Goal Reduction with Loop-Removal Accelerates RL and Models Human Brain Activity in Goal-Directed Learning

Huzi Cheng,Joshua Brown
DOI: https://doi.org/10.1101/2024.03.19.585826
2024-10-13
Abstract:Goal-directed planning presents a challenge for classical RL algorithms due to the vastness of the combinatorial state and goal spaces, while humans and animals adapt to complex environments, especially with diverse, non-stationary objectives, often employing intermediate goals for long-horizon tasks. Here, we propose a goal reduction mechanism for effectively deriving subgoals from arbitrary and distant original goals, using a novel loop-removal technique.

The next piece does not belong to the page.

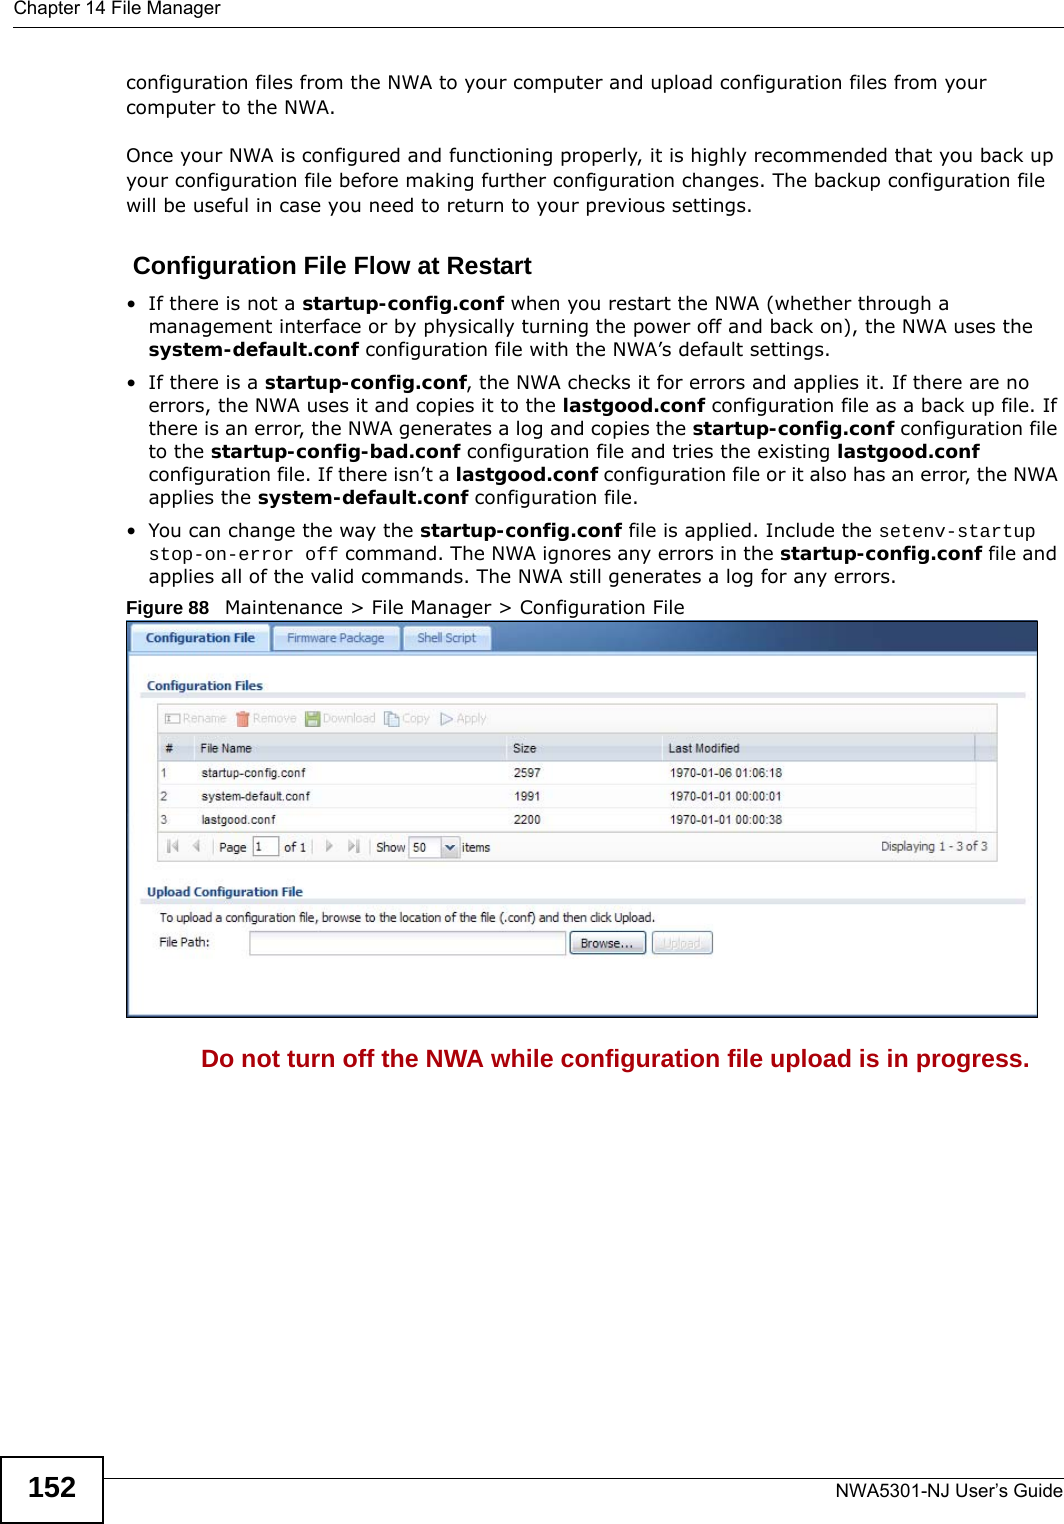 Chapter 14 File ManagerNWA5301-NJ User’s Guide152configuration files from the NWA to your computer and upload configuration files from your computer to the NWA.Once your NWA is configured and functioning properly, it is highly recommended that you back up your configuration file before making further configuration changes. The backup configuration file will be useful in case you need to return to your previous settings. Configuration File Flow at Restart• If there is not a startup-config.conf when you restart the NWA (whether through a management interface or by physically turning the power off and back on), the NWA uses the system-default.conf configuration file with the NWA’s default settings.•If there is a startup-config.conf, the NWA checks it for errors and applies it. If there are no errors, the NWA uses it and copies it to the lastgood.conf configuration file as a back up file. If there is an error, the NWA generates a log and copies the startup-config.conf configuration file to the startup-config-bad.conf configuration file and tries the existing lastgood.conf configuration file. If there isn’t a lastgood.conf configuration file or it also has an error, the NWA applies the system-default.conf configuration file.• You can change the way the startup-config.conf file is applied. Include the setenv-startup stop-on-error off command. The NWA ignores any errors in the startup-config.conf file and applies all of the valid commands. The NWA still generates a log for any errors. Figure 88   Maintenance &gt; File Manager &gt; Configuration File Do not turn off the NWA while configuration file upload is in progress.

The product of the method, called goal-reducer, distills high-quality subgoals from a replay buffer, all without the need for prior global environmental knowledge. Simulations show that the goal-reducer can be integrated into RL frameworks like Deep Q-learning and Soft Actor-Critic. It accelerates performance in both discrete and continuous action space tasks, such as grid world navigation and robotic arm manipulation, relative to the corresponding standard RL models. Moreover, the goal-reducer, when combined with a local policy, without iterative training, outperforms its integrated deep RL counterparts in solving a navigation task. This goal reduction mechanism also models human problem-solving. Comparing the model's performance and activation with human behavior and fMRI data in a treasure hunting task, we found matching representational patterns between an goal-reducer agent's components and corresponding human brain areas, particularly the vmPFC and basal ganglia. The results suggest that humans may use a similar computational framework for goal-directed behaviors.
Neuroscience
What problem does this paper attempt to address?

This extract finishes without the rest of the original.